Wanted: Your Photos of Crummy Transit Conditions

boarding_b44.jpgWaiting to board the B44 in Brooklyn. Photo: Benjamin Fried

Our latest call for photos was inspired by the picture at right,
taken by Streetsblog New York’s own Ben Fried. It’s an all too
familiar scene — transit riders crammed together, waiting for a bus
(or train) that doesn’t come when it’s supposed to (if you
missed the story that went with the picture, it’s here).

Crowding
is just one indignity transit users have to face. Others include
inadequate bus shelters, nonexistent or vandalized seating, blocked
entrances — you know the stuff.

Send us your pictures of
crummy transit service and infrastructure where you live and we’ll put
together a new slide show. You can e-mail JPEGs to me at sarah [at]
streetsblog [dot] org, or tag them with "streetsblog" and "transitfail"
in Flickr. Get your submissions in by next Thursday morning.

Our past slide shows have been on bike traffic, space hogs and work bikes. Check them out if you haven’t already.

  • Emily Litella

    Great idea to photo document transit fould ups. Here’s a challenge for the more tech savy among us. We need to shine a light on a chronically troubled area of transit operations, schedule adherence. Many of us have digital cameras that record time-lapse motion pictures. If your window faces a transit stop or route, why not record an entire day or week’s worth of bus movements on your street. Set your your camera to record frequently enough to not miss a vehicle passing through your observation point without stopping, yet slow enough that review of the recording can be done in a few minutes. This gets interesting at places where traffic on an entire route is light, where there are few external reasons for the bus to be more than a couple of minutes late. We need to document occurences of bunching on Sunday mornings and Tuesday nights for example. We can challenge transit operator on-time performance statistics, not to be a pain in the neck but to build a case for more secure funding sources, and more transit friendly street management policies.

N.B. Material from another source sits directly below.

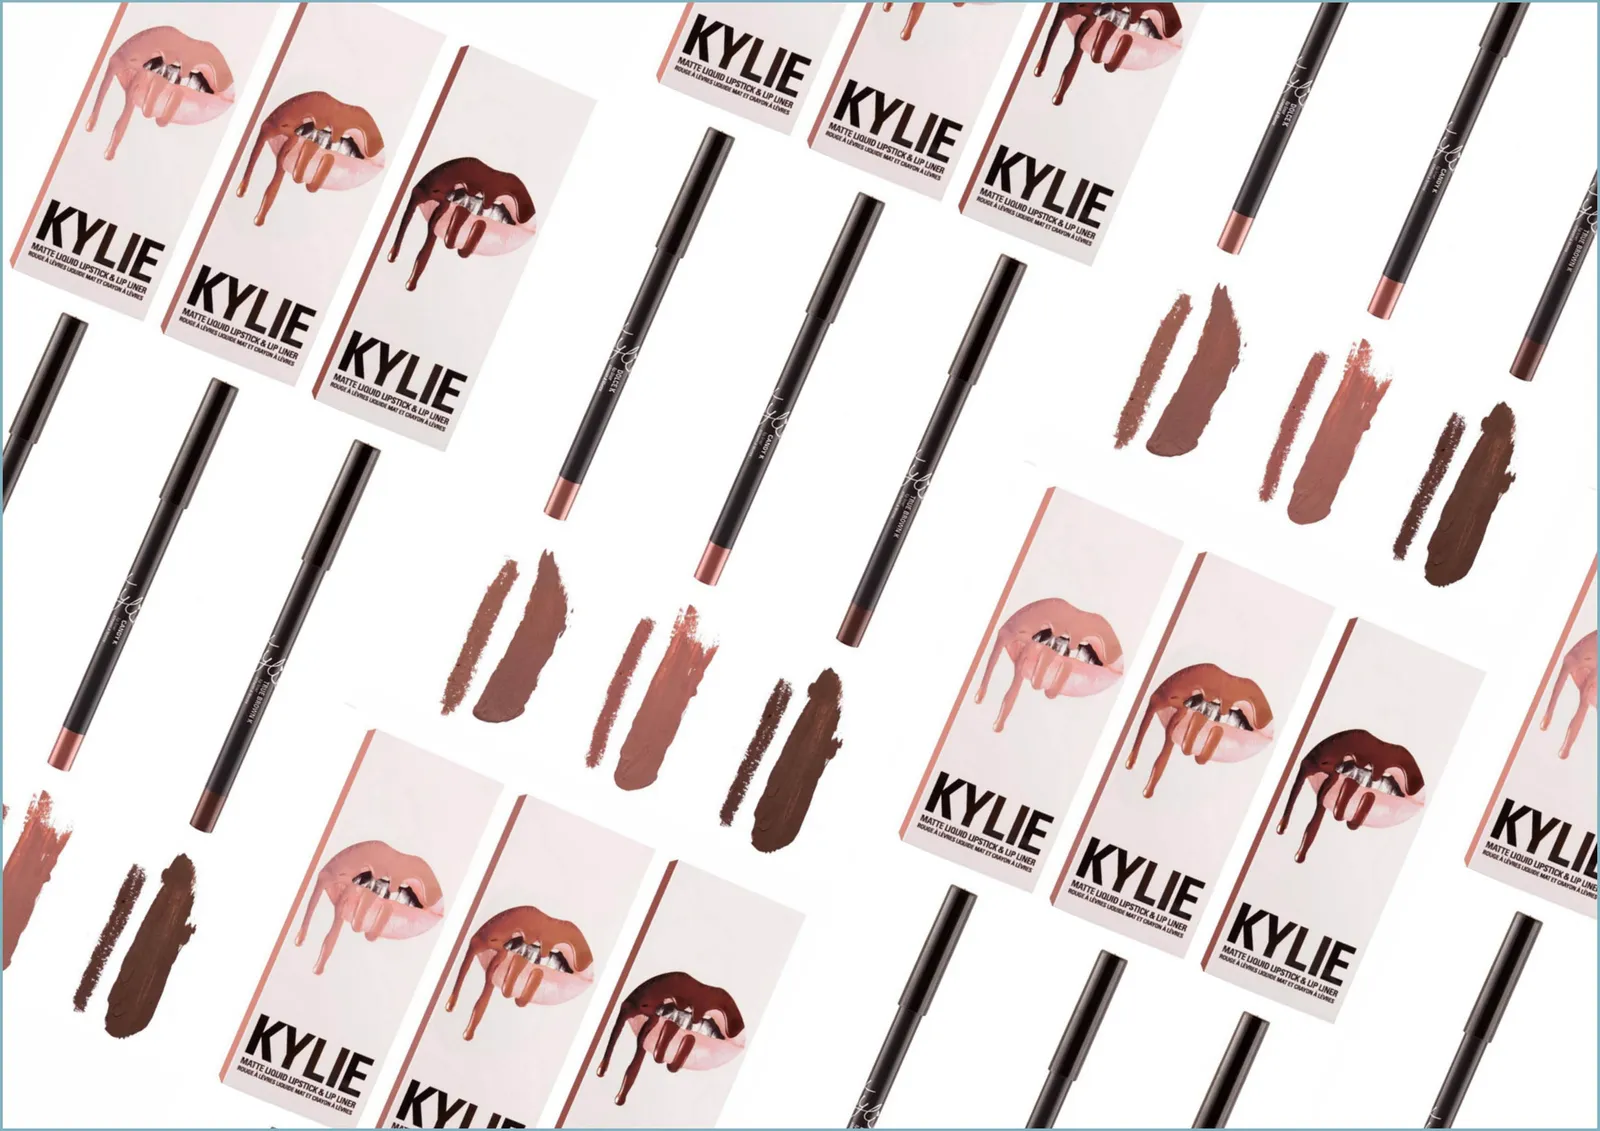 Lip Kit Terbaru Kylie Jenner Membludak Membuat Google Lumpuh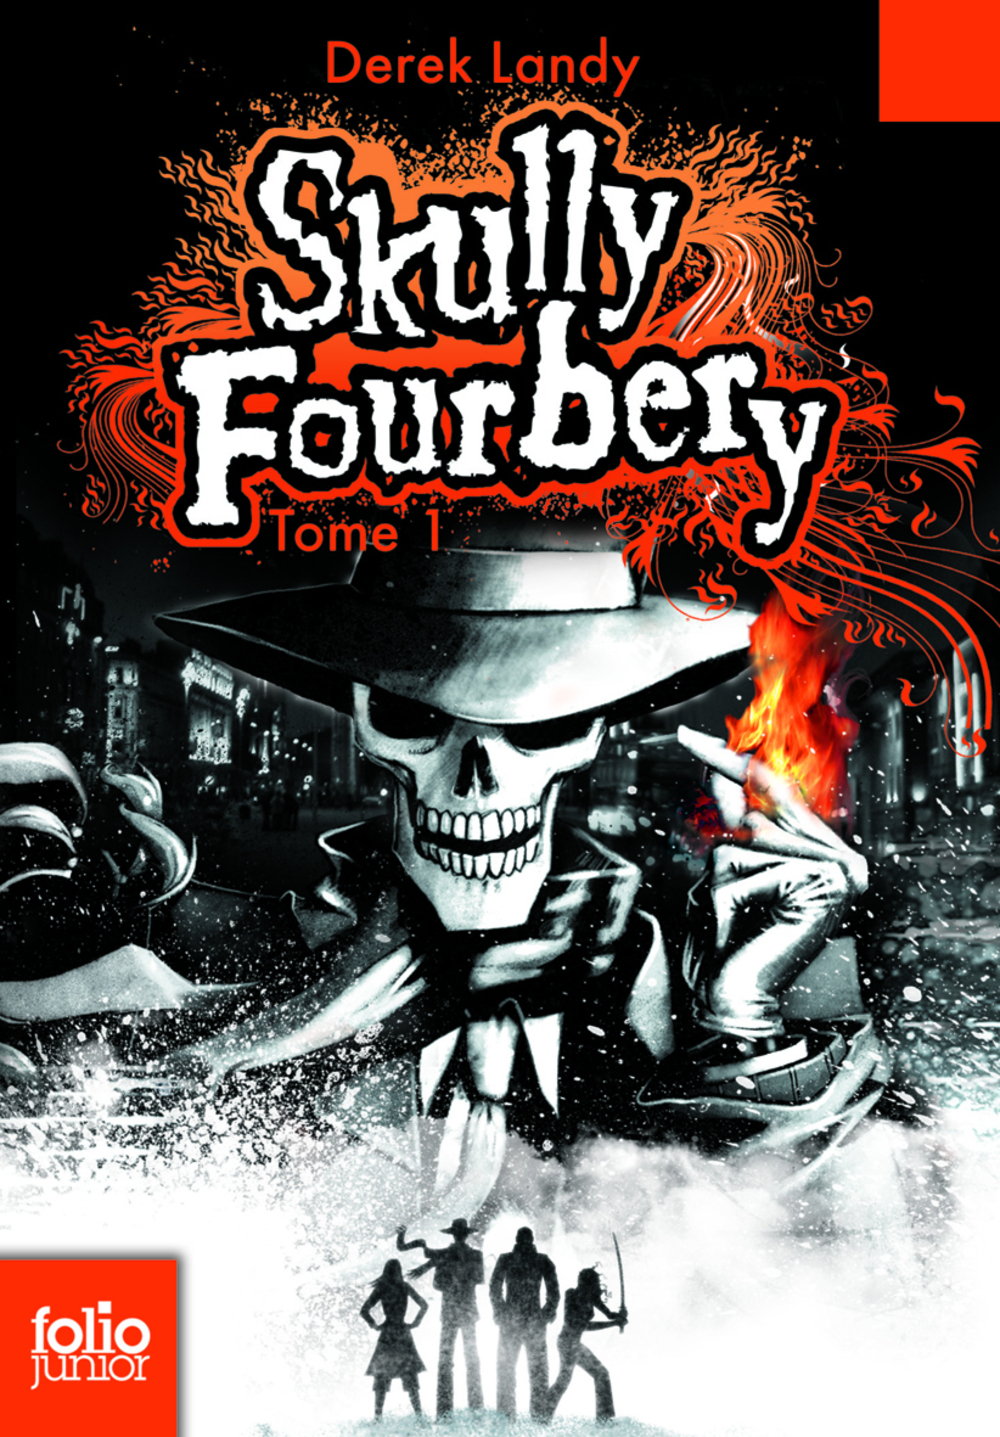 Skully Fourbery (Tome 1)

    And maybe your time lapse movies can help the MTA in supervising schedule adherence in far flung segments during the off-peak. There’s usually a reason you waited 30 minutes for a bus on a 10 minute scheduled headway (most off-peak schedules are clearly posted at MTA.INFO. Reliable bus service, however infrequent, is the best defense against households deciding to purchase that second automobile.

  • This video
    shows the causes and effects of illegal placard parking and bunching on the M96 route.

  • Glenn

    OMG about halfway through BO’s video, I wanted to just break through the door and start walking…

  • Ian Turner

    Emily, AFAIK the MTA already collects their own timeliness statistics, which are available on a detailed per-route basis.

    Cheers,

    –Ian

  • Jym

    =v= Contact Muni. Maybe they have photos or even footage of the grand opening of their Embarcadero Muni Metro service, where an SUV-driver figured the spankin’ new streetcar tracks was actually a spankin’ new parking spot.

    (Of course, he didn’t receive a ticket. Why should those tracks be like any other tracks in the city?)